Records to use>
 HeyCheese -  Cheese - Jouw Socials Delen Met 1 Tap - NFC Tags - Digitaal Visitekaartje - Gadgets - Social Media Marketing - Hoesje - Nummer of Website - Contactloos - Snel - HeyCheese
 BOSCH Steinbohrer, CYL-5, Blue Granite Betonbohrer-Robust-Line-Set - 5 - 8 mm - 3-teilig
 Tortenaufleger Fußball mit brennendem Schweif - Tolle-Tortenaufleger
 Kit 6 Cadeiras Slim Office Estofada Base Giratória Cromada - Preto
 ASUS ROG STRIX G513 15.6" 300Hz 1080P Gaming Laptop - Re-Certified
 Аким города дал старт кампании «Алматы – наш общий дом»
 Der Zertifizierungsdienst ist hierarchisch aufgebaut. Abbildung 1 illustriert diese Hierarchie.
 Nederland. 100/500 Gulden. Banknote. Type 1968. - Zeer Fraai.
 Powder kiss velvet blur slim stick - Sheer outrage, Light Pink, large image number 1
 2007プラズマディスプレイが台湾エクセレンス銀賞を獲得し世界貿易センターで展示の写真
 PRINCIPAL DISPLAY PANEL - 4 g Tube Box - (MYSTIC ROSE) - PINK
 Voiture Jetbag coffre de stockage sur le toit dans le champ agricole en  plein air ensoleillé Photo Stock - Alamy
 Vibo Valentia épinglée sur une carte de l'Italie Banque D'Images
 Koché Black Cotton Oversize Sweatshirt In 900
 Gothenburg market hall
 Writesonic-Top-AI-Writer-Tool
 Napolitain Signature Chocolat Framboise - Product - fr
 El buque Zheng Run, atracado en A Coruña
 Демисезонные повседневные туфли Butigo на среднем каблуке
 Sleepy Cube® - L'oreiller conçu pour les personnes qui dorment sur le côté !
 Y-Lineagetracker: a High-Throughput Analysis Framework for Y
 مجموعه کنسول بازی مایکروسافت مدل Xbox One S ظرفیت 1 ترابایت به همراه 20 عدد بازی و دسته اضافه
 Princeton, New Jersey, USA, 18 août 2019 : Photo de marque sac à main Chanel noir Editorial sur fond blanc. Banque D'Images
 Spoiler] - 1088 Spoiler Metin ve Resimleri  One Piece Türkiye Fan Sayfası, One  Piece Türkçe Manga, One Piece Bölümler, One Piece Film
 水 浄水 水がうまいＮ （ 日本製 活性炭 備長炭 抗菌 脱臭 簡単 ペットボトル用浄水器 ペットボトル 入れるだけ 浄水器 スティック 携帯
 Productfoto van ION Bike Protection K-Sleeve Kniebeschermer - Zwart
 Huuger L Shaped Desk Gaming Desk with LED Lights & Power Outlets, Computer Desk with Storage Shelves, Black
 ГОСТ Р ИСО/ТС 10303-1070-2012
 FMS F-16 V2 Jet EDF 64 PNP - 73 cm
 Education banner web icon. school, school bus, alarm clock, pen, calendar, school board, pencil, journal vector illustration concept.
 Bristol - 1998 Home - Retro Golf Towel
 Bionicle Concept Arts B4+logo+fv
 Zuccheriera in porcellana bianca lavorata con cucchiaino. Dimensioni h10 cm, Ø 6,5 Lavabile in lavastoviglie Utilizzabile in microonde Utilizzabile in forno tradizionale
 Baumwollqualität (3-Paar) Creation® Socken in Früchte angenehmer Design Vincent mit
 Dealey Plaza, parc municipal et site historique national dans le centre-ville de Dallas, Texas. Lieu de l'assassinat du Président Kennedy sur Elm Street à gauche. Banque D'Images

About this task> Starting with the line with "Gothenburg market hall" above and going on through the line with "Baumwollqualität (3-Paar) Creation®", transcribe every line exactly, both ends included, and add nothing.

Output below>
 Gothenburg market hall
 Writesonic-Top-AI-Writer-Tool
 Napolitain Signature Chocolat Framboise - Product - fr
 El buque Zheng Run, atracado en A Coruña
 Демисезонные повседневные туфли Butigo на среднем каблуке
 Sleepy Cube® - L'oreiller conçu pour les personnes qui dorment sur le côté !
 Y-Lineagetracker: a High-Throughput Analysis Framework for Y
 مجموعه کنسول بازی مایکروسافت مدل Xbox One S ظرفیت 1 ترابایت به همراه 20 عدد بازی و دسته اضافه
 Princeton, New Jersey, USA, 18 août 2019 : Photo de marque sac à main Chanel noir Editorial sur fond blanc. Banque D'Images
 Spoiler] - 1088 Spoiler Metin ve Resimleri  One Piece Türkiye Fan Sayfası, One  Piece Türkçe Manga, One Piece Bölümler, One Piece Film
 水 浄水 水がうまいＮ （ 日本製 活性炭 備長炭 抗菌 脱臭 簡単 ペットボトル用浄水器 ペットボトル 入れるだけ 浄水器 スティック 携帯
 Productfoto van ION Bike Protection K-Sleeve Kniebeschermer - Zwart
 Huuger L Shaped Desk Gaming Desk with LED Lights & Power Outlets, Computer Desk with Storage Shelves, Black
 ГОСТ Р ИСО/ТС 10303-1070-2012
 FMS F-16 V2 Jet EDF 64 PNP - 73 cm
 Education banner web icon. school, school bus, alarm clock, pen, calendar, school board, pencil, journal vector illustration concept.
 Bristol - 1998 Home - Retro Golf Towel
 Bionicle Concept Arts B4+logo+fv
 Zuccheriera in porcellana bianca lavorata con cucchiaino. Dimensioni h10 cm, Ø 6,5 Lavabile in lavastoviglie Utilizzabile in microonde Utilizzabile in forno tradizionale
 Baumwollqualität (3-Paar) Creation® Socken in Früchte angenehmer Design Vincent mit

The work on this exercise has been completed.